In Proceedings of the 16th Working Conference on Reverse Engineering. October 13-16, 2009, Lille, France.
The slides contain animations, so prefer the PPTX version.
Dynamic Tracing of Windows NT Kernel Mode Components
Abstract: Dynamic tracing can be utilized for a variety of purposes, debugging, performance evaluation,
and program analysis being amongst them. Although the implementations of respective
tracing systems tend to differ sharply, a limited number of tracing techniques can be
identified which all of these solutions base on. Based on this insight, part I of this thesis
discusses these tracing techniques in detail and proposes an appropriate classification
scheme. This scheme promises to allow both current and future tracing solutions to be
classified based on their usage of these tracing techniques.
In its second part, this thesis discusses NTrace, a dynamic function boundary tracing
solution for Windows NT kernel mode components that has been developed as part of
this effort.

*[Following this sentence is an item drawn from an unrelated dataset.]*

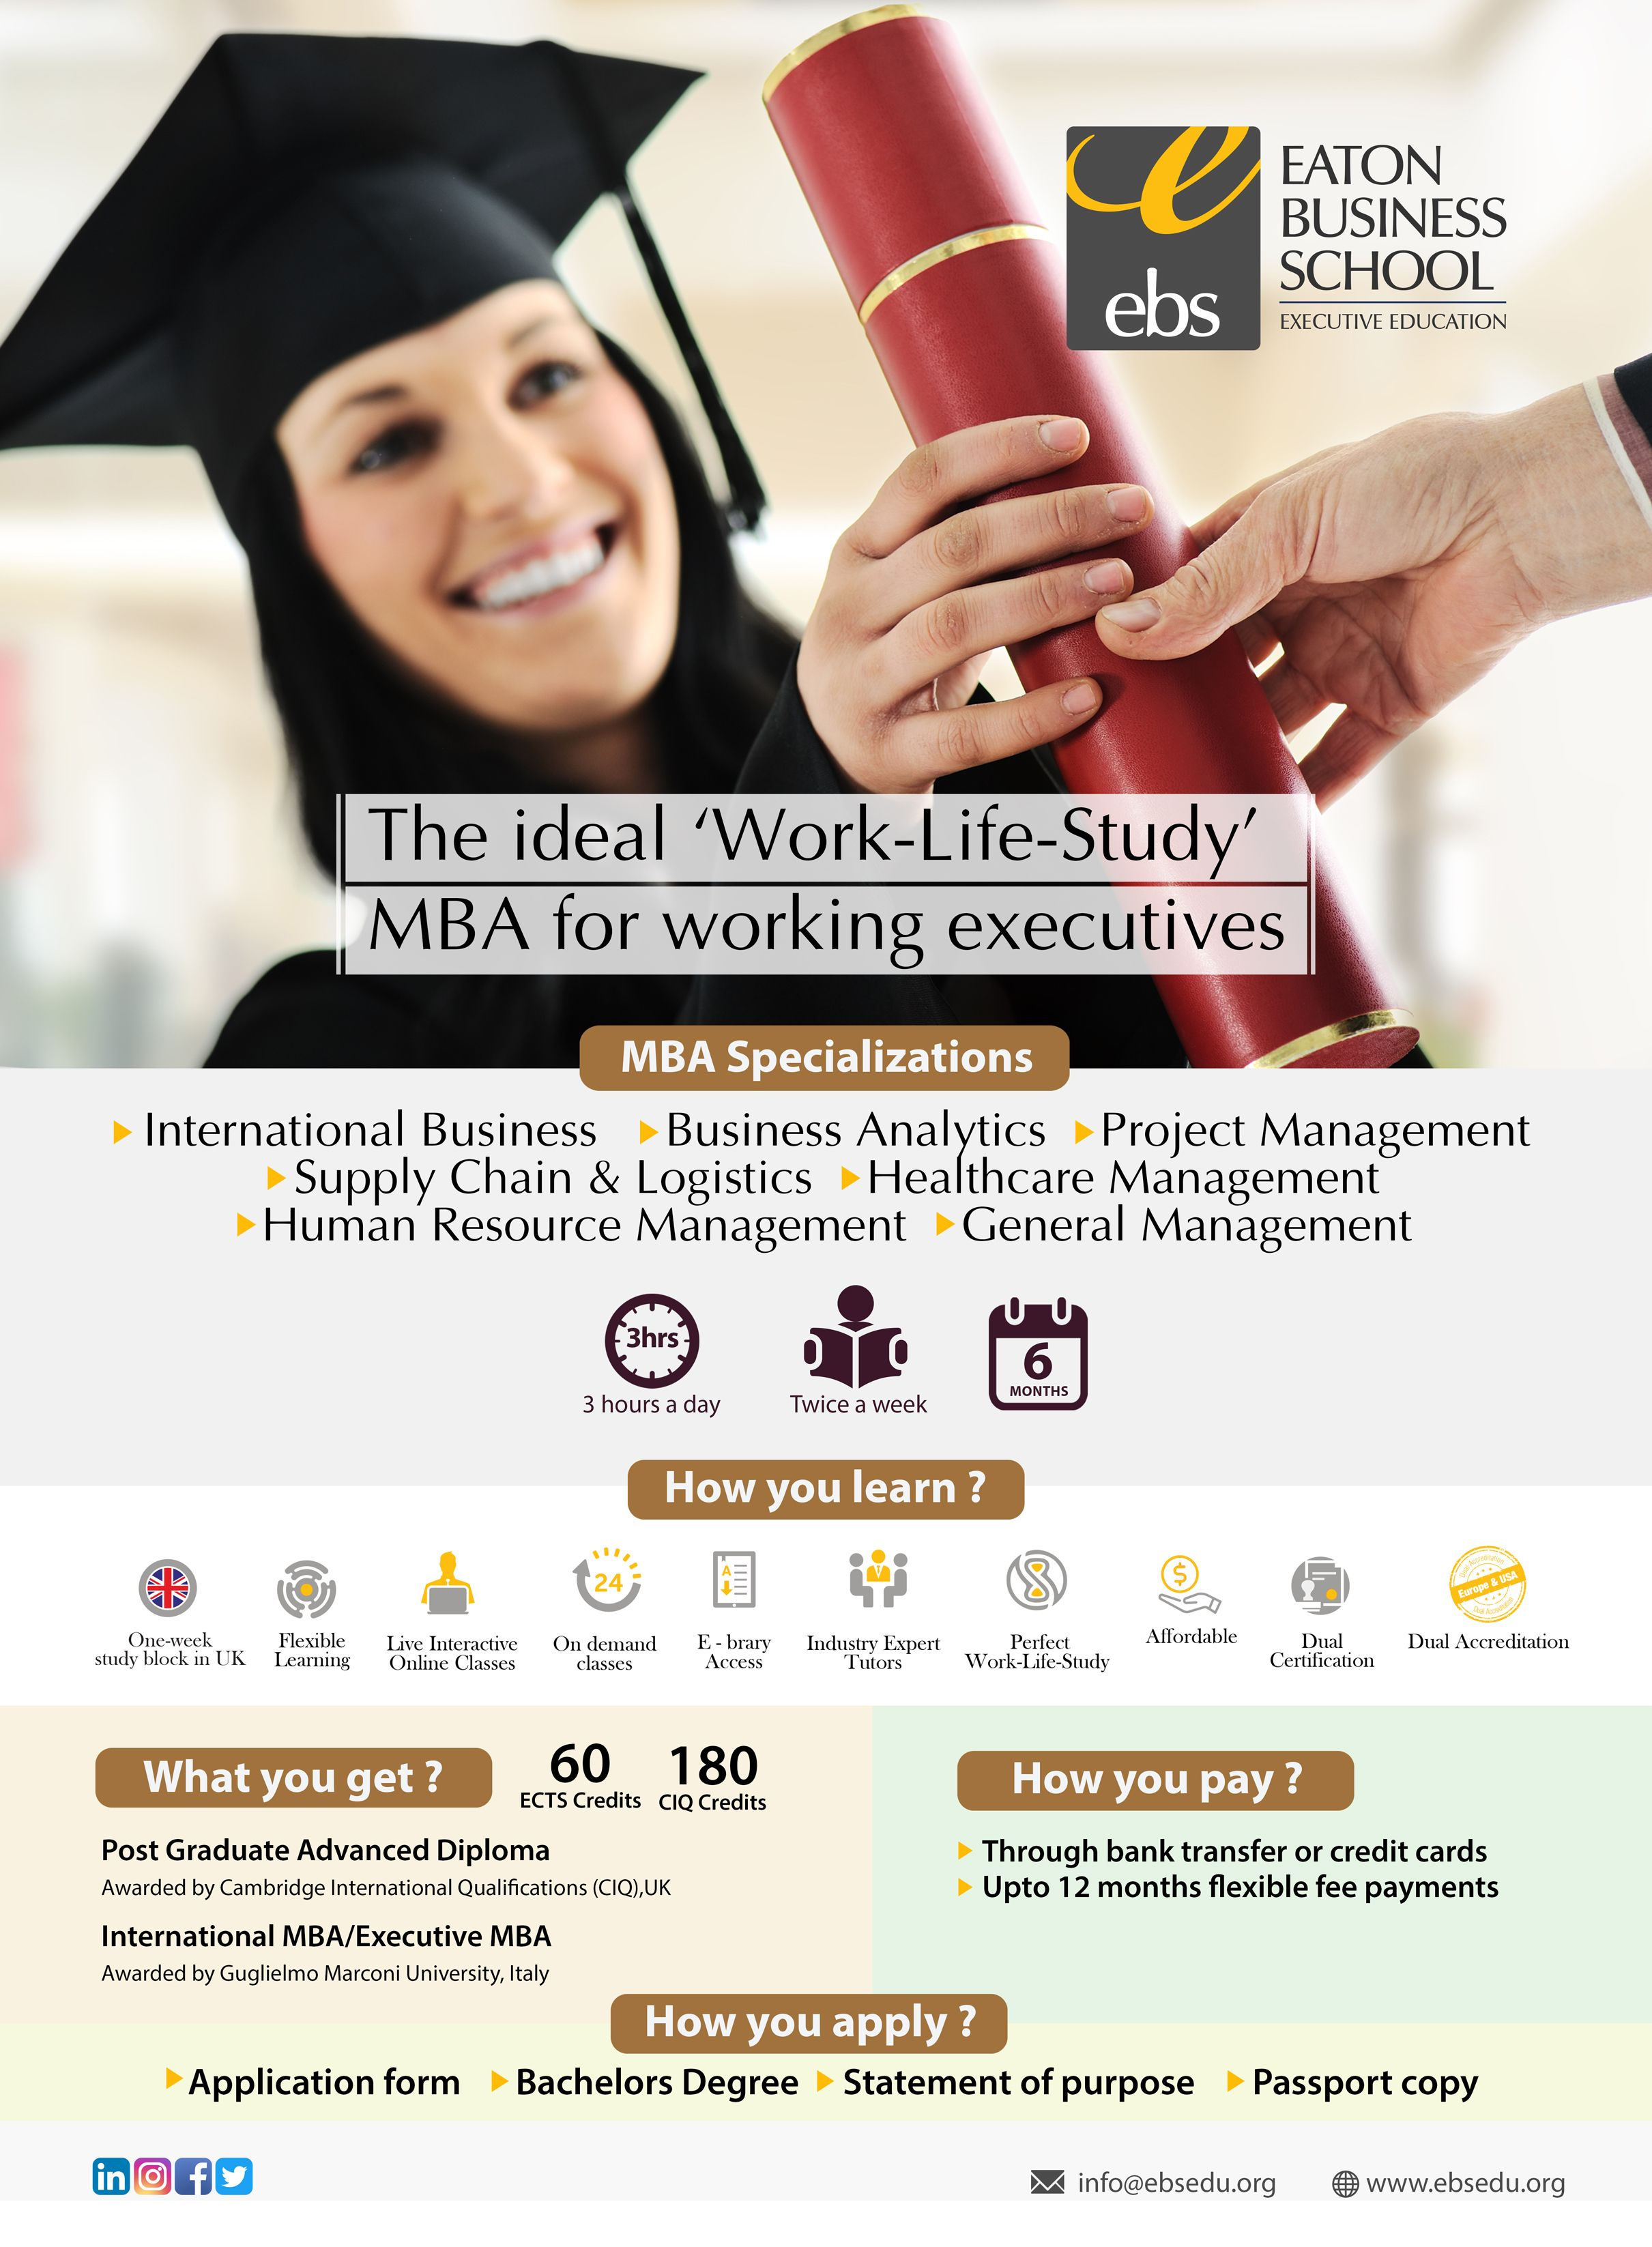 Eaton Business School Ebs In Partnership With Guglielmo Marconi University Gmu Provides The Intern Business School Executive Education Logistics Management

NTrace not only demonstrates how synergies with Microsoft’s Hotpatching
technology can be utilized in order to achieve safety regarding runtime code modification.
It also stands out due to deep integration with the exception handling infrastructure of
Windows, Structured Exception Handling. With the ability to trace exception unwinds,
NTrace is able to yield more precise results than a sheer function entry/exit tracing approach
would allow.
By not restricting the usage to customized kernel versions but providing support for retail
editions of IA-32 Windows NT, NTrace also promises general applicability. Finally, the
performance of NTrace, and the overhead imposed by tracing activity, is discussed in part
III, which concludes the thesis.
Master’s thesis, October 2008, Hasso-Plattner-Institut, Potsdam, Germany.